MYOC – Juvenile Open Angle Glaucoma

Autosomal dominant juvenile open angle glaucoma (JOAG) is strongly associated with heterozygous missense variants in the myocilin gene (MYOC). Clinical reports have identified multiple families in which MYOC variants segregate with early-onset elevated intraocular pressure and optic nerve damage, defining a clear genetic etiology for JOAG (PMID:23886590).

Genetic evidence spans at least five unrelated families, including a large Pakistani pedigree with 8 affected individuals carrying the novel c.1130C>G (p.Thr377Arg) variant and an Iranian cohort of 23 JOAG probands in which 17.4% harbored heterozygous MYOC mutations, all demonstrating autosomal dominant transmission (PMID:18385784).

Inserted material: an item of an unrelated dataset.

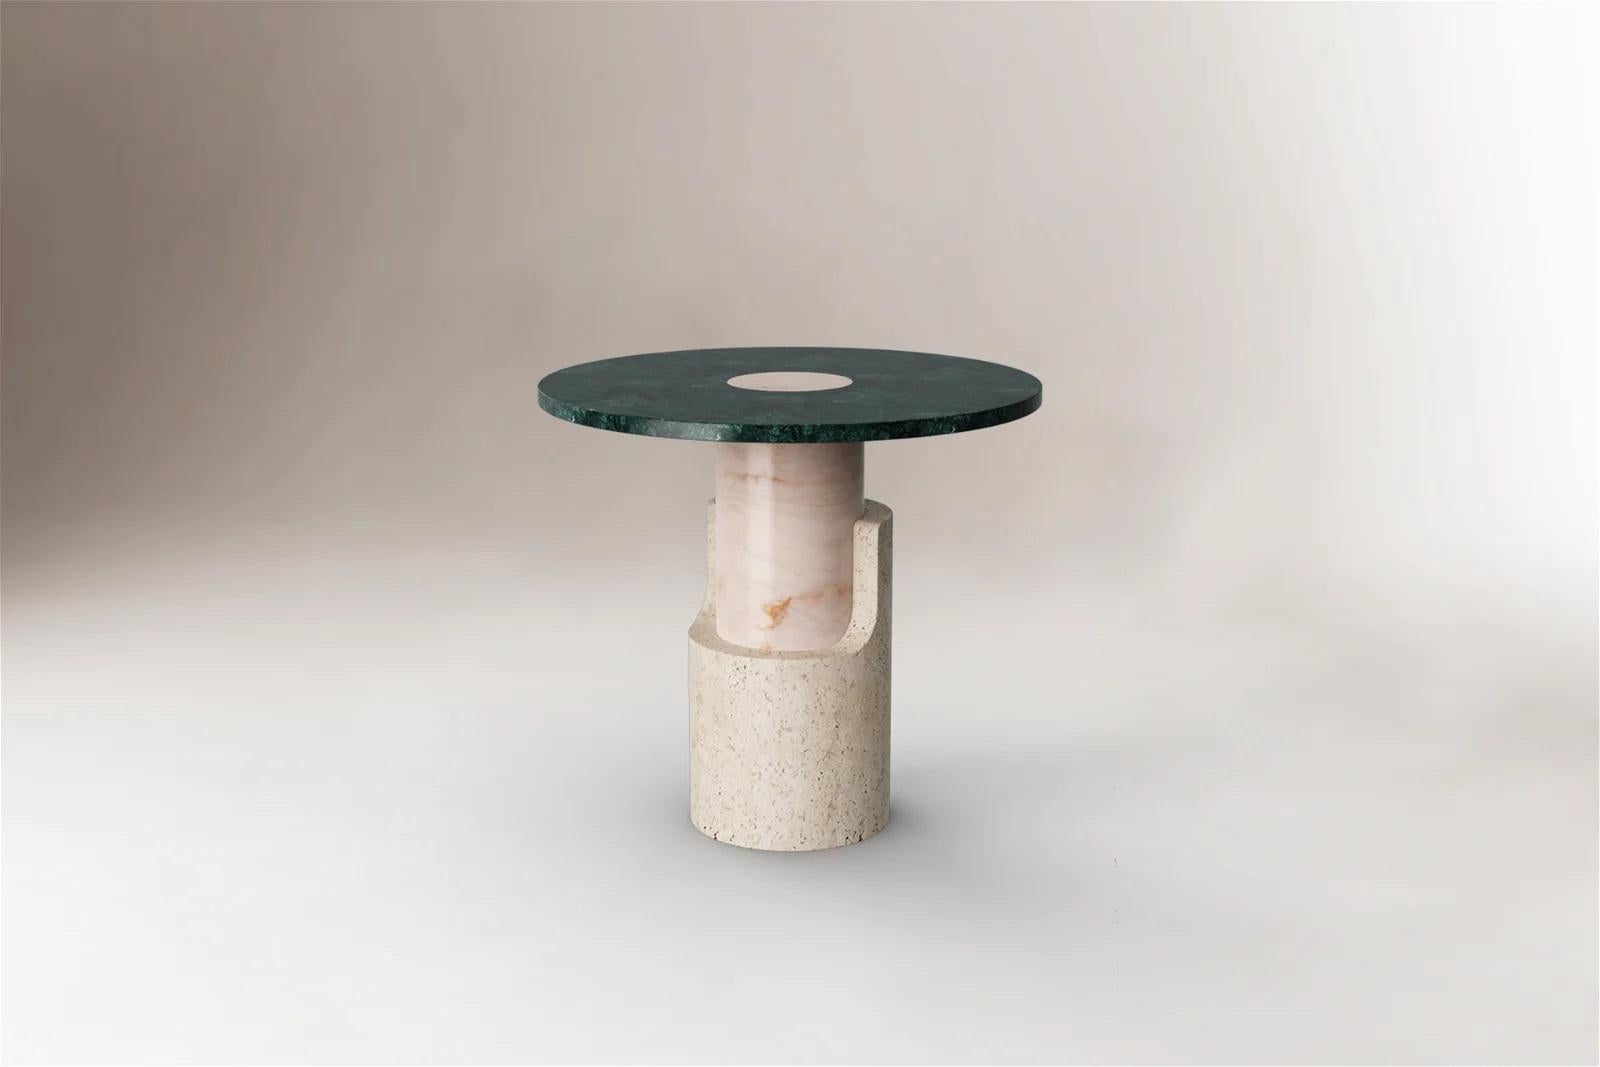 Celebrating a new invented reality, smooth and rough surfaces contrast with one another giving way to a new approach in shape and balance. Braque side table shows a torn and fragmented form, exposing the inner core of its base, which can be seen

De novo occurrences (e.g., c.761C>T (p.Pro254Leu)) in sporadic JOAG cases further support pathogenicity (PMID:27080696).

The variant spectrum includes at least 34 different damaging MYOC missense changes (e.g., p.Gly367Arg, p.Tyr437His, p.Asn480Lys) and truncating alleles, with recurrent founder mutations such as p.Gly367Arg in Chinese families. Population screening indicates a JOAG prevalence of MYOC mutations of 8–36% across cohorts, with carrier frequency varying by ethnicity. One representative pathogenic allele is c.1130C>G (p.Thr377Arg).

Functional studies demonstrate that pathogenic MYOC mutants are prone to endoplasmic reticulum retention, form insoluble aggregates in trabecular meshwork cells, and exhibit impaired secretion compared to wild type. Histological analysis of human donor tissue with the p.Tyr437His mutation confirmed intracellular accumulation in trabecular meshwork cells (PMID:30906929). Chemical chaperones such as trimethylamine N-oxide rescue secretion of several mutants, highlighting haploinsufficiency via dominant‐negative misfolding as the disease mechanism (PMID:19234343).

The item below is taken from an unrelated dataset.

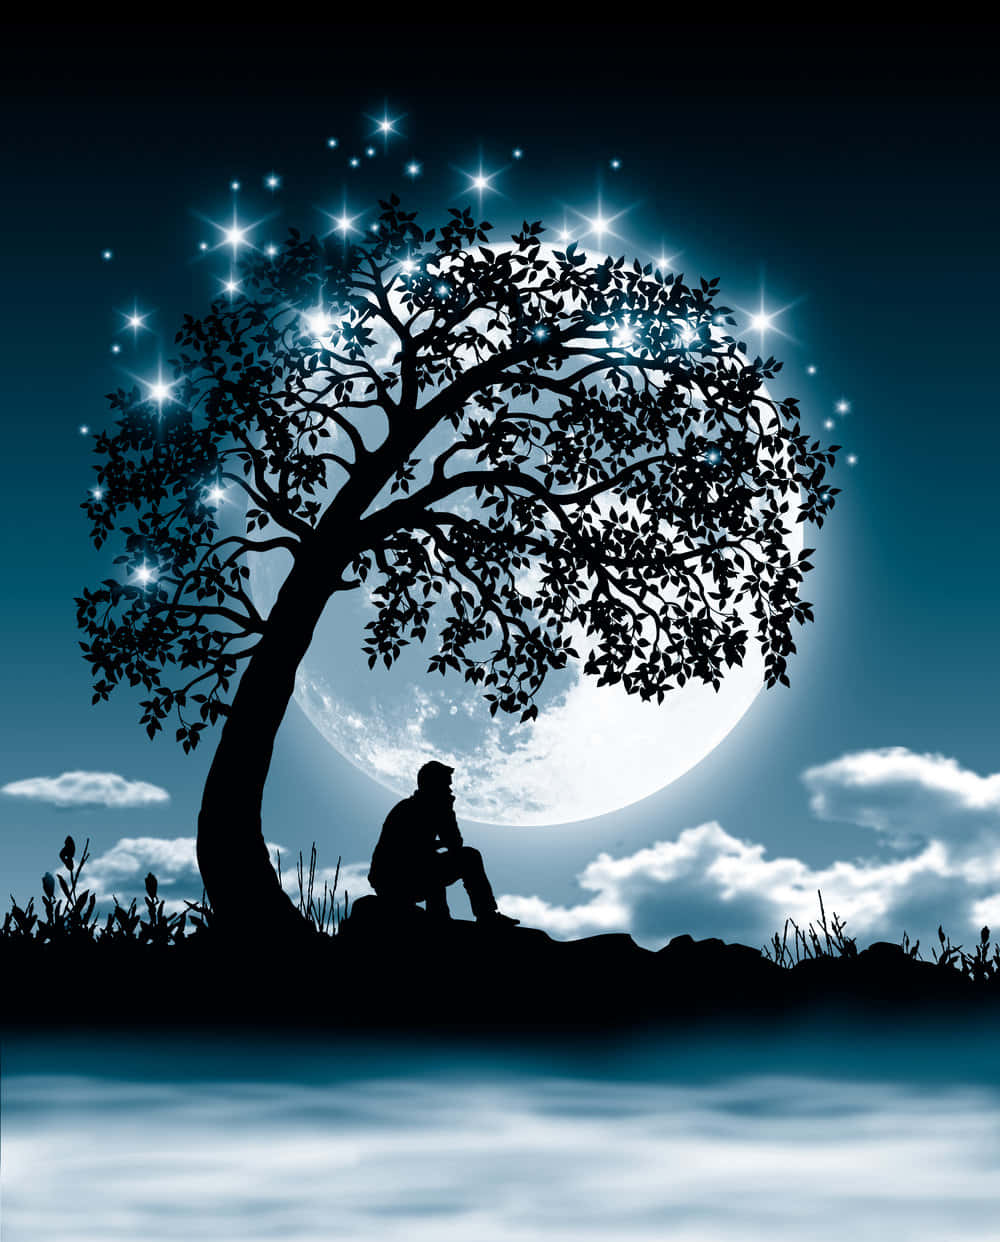 A Man Sitting Under A Tree With The Moon Behind Him

No significant conflicting evidence has been reported; all studies consistently support a dominant‐negative or gain‐of‐function misfolding mechanism. Taken together, the integration of robust pedigree co-segregation, de novo findings, recurrent variant identification, and convergent functional assays establishes a strong gene–disease association.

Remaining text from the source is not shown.